Strength, Mental and Physical, to Complement Suns’ Speed

There is no shortage of physicality on this Suns team. Alex Len has put on 40 pounds – the good kind – since his freshman year at Maryland. P.J. Tucker has made an NBA living by getting his pickup truck frame in opponents’ faces and on the floor. Tyson Chandler earned the title of “enforcer” straight out of high school. Eric Bledsoe is a 6-1 tank.

Yet when it comes to toughness, Suns Head Coach Jeff Hornacek feels different muscles come into play.

“When you say tough, I don’t always think it’s physical,” he said. “Yeah, it’s a big part of it, but a lot of it is mental. When things are going bad, are you tough enough to not go crazy and try to get it back quickly? Are you a team that says ‘We’ll get it back with our defense and we’ll score and we’ll get back in the game that way.’ There’s a lot of parts to being tough.”

Phoenix is counting on the addition of Tyson Chandler and the maturity of younger players – including Eric Bledsoe, Markieff Morris and Alex Len – to generate a proactive front in the toughness department. At the very least, they’ve been tough on each other.

“I think some of our young guys are taking those steps too,” Hornacek said. “They’re speaking up in practices, which is great. Tyson probably leads that, but the other guys are talking. That’s what we need. You can’t have one guy saying ‘we’ve got to pick it up.’ The whole team’s got to do it. I see that now. These guys are getting on each other. They see one of the five guys isn’t pulling [his] weight, they’ll say something.”

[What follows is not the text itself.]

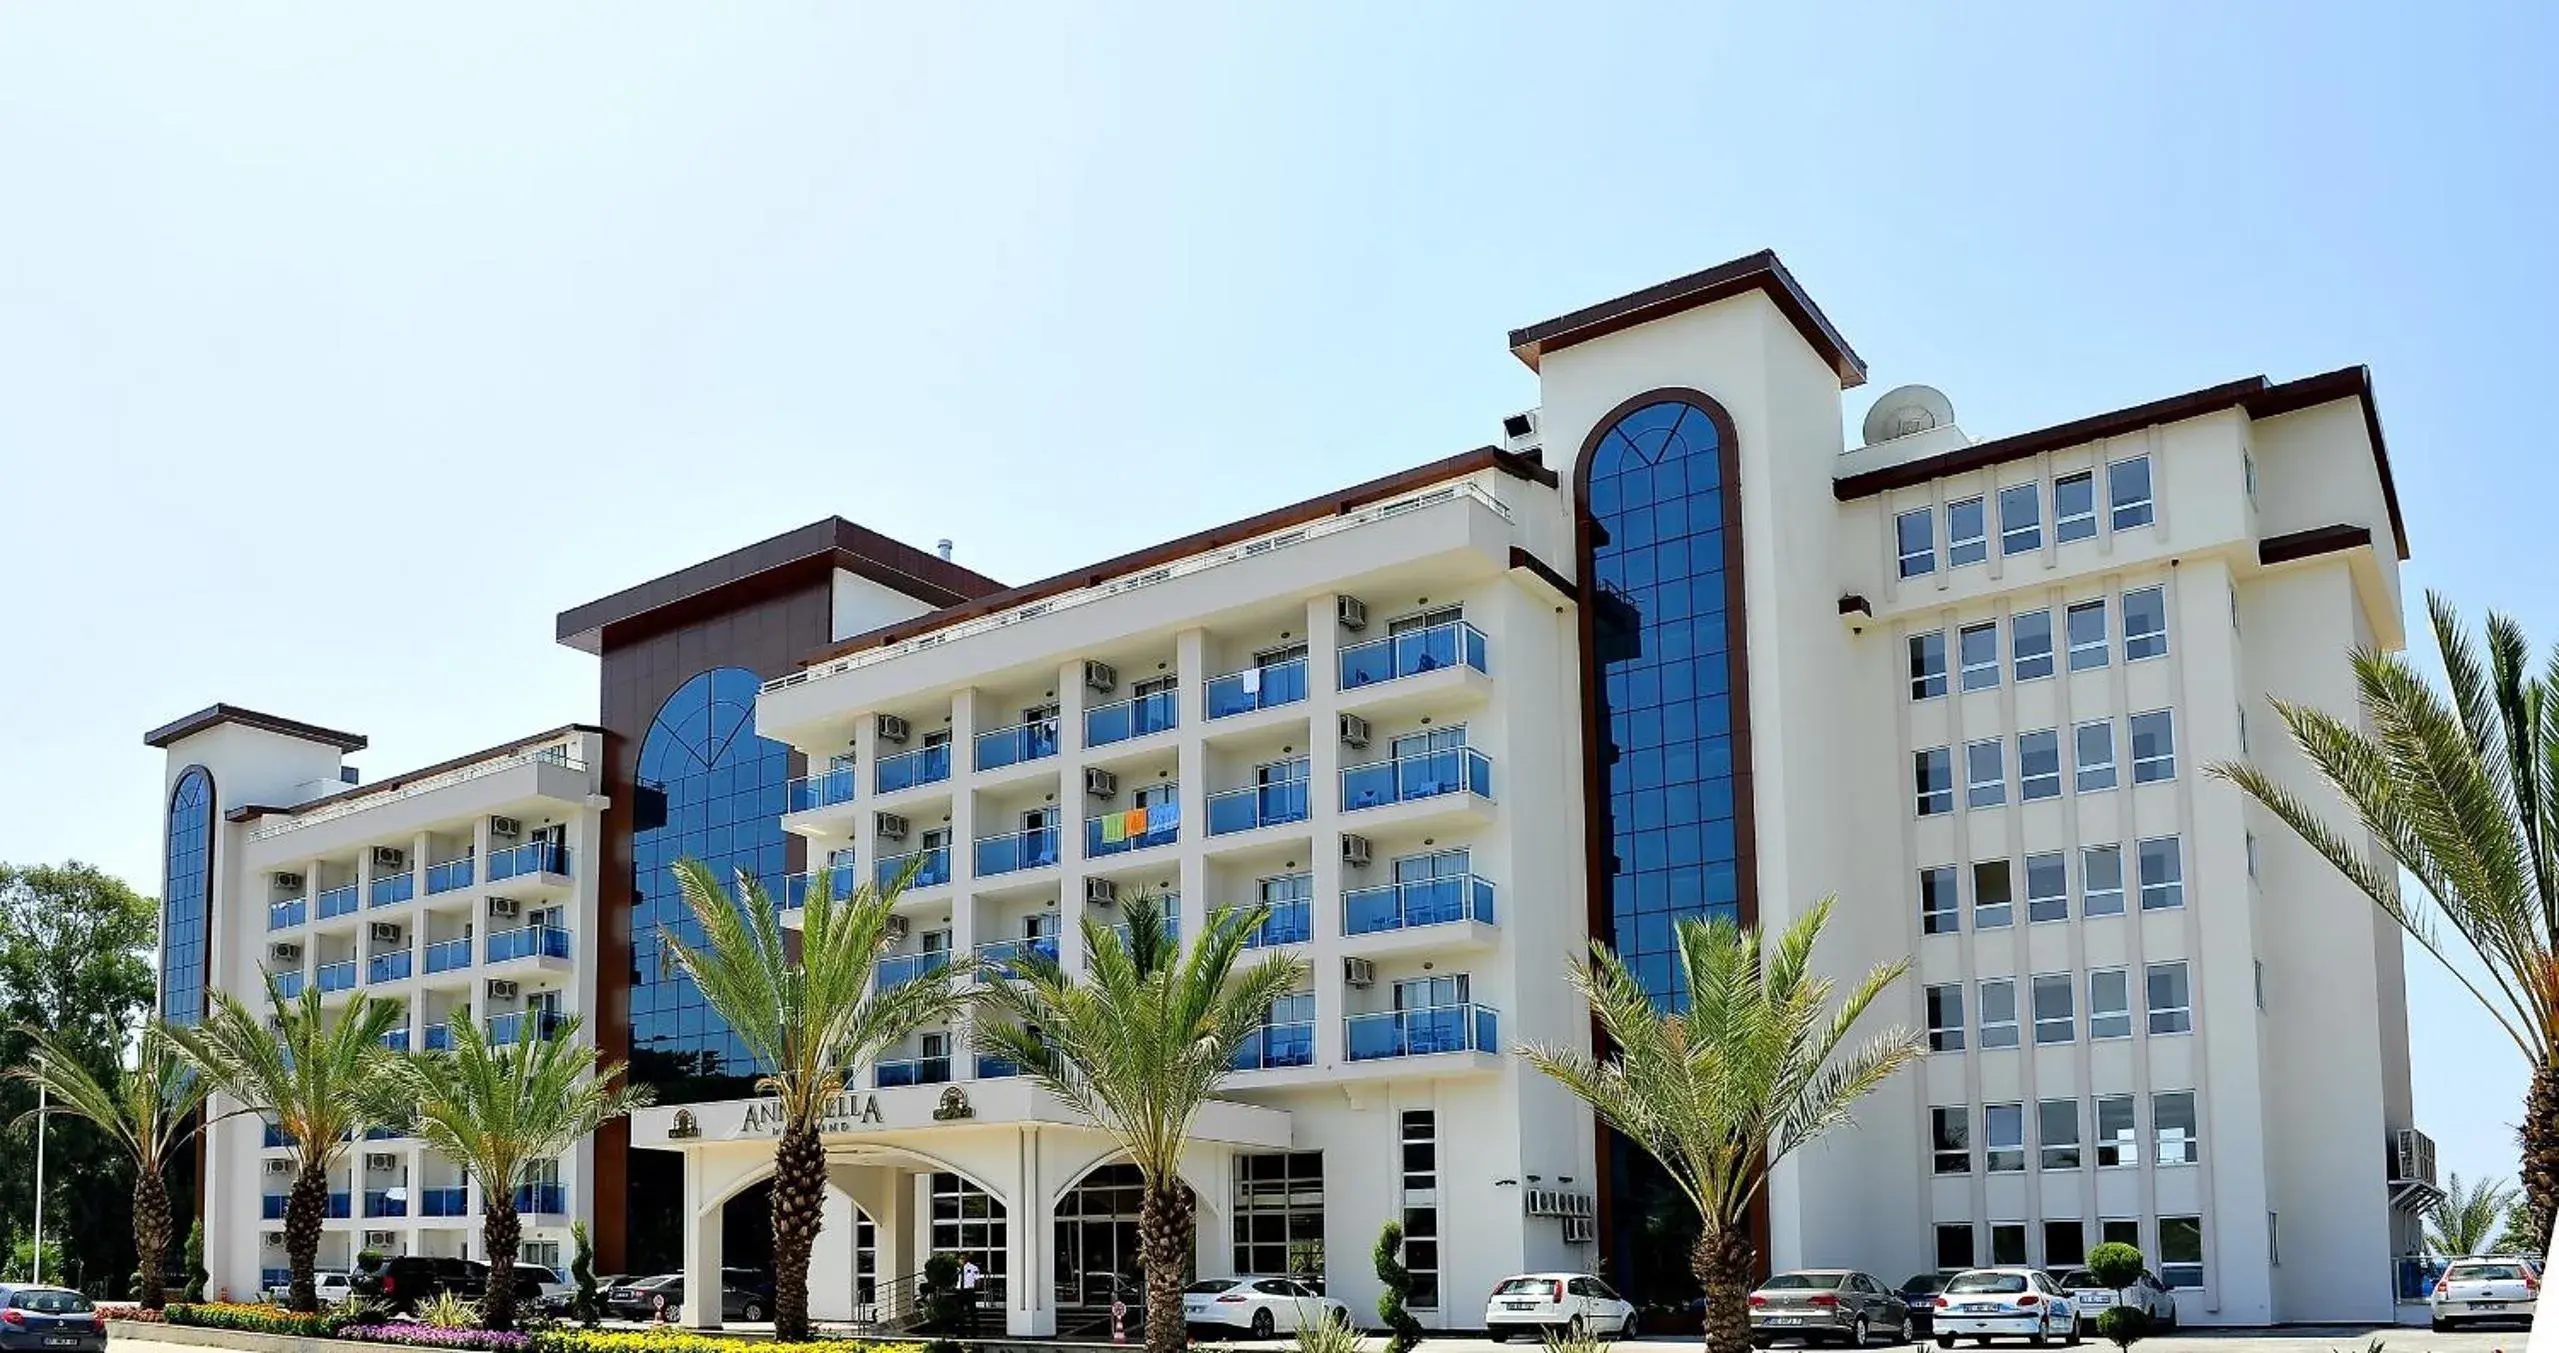 Property building in Annabella Diamond Hotel - All Inclusive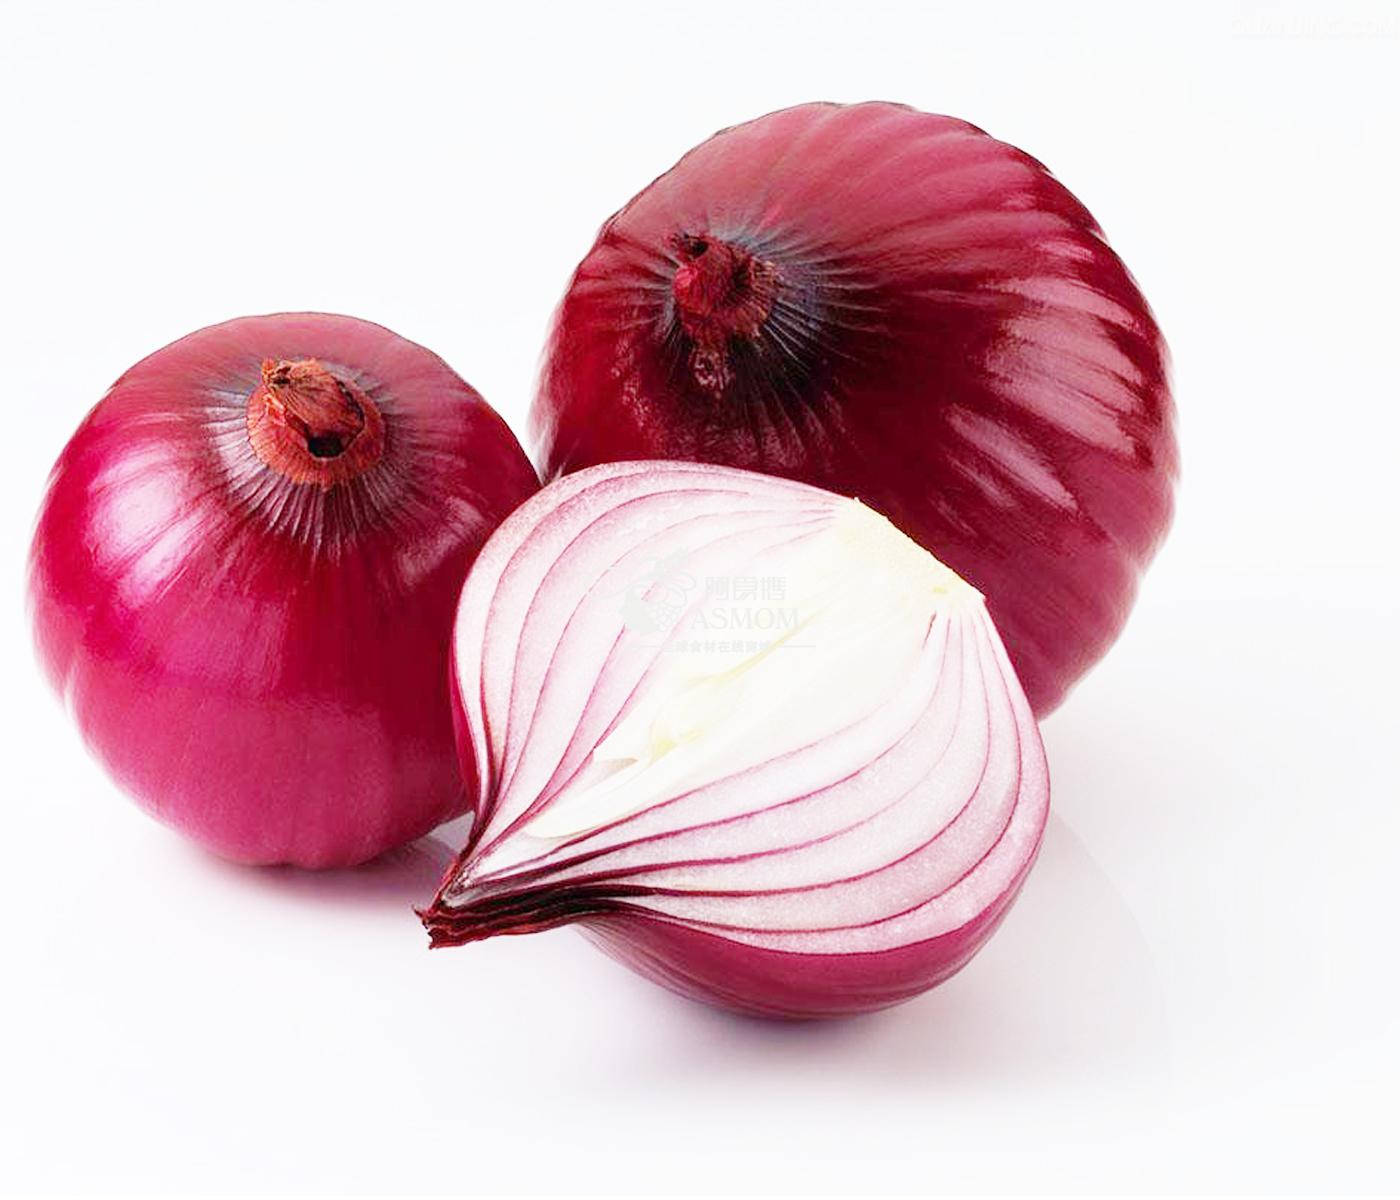 Minimalisthalf Cut Red Onions: Minimalistisk Halva Skuren Röd Lök. Wallpaper

There will be times when saying nothing is just as effective. When Phoenix’s new defense-first mentality is challenged, Hornacek hopes to see his players respond with well-timed tenacity.

“Young guys, sometimes they get caught up in it,” Hornacek said. “They get cracked, they don’t pick the right times to crack somebody back. They might do it the next play when the referee’s watching. Now the guy gets two free throws and he’s laughing. It’s the little tricks that you learn as the years go on.”

Phoenix will need all those tricks and more in a brutal Western Conference. The talent at point guard – a position at which the Suns have doubled up with Bledsoe and Brandon Knight – has never seemed deeper. Chandler will team up with Len to give the Suns a quality counter to the Gasols, Jordans and Cousins of the world. All of them will test a Phoenix team that has relied on speed and lacked in strength in years past.

“When guys find a player that’s mentally weak, they’re going to pick on that guy,” Hornacek said. “They’re going to get after you. If you’re not physical, they’ll post you up, they’ll hit you early and get you out of your game.”

It is why Jeff Hornacek yells at players for not diving for loose balls, why he claps over a simple-but-effective rotation on defense, and why Tyson Chandler will race from the end of the bench to midcourt, roaring like a madman for a teammate who has shown maximum effort for the sake of a single possession.

Never let up, and the opponent might just let up on you.

“I think when you play physical and you’re mentally tough, you put some fear in the other team,” Hornacek.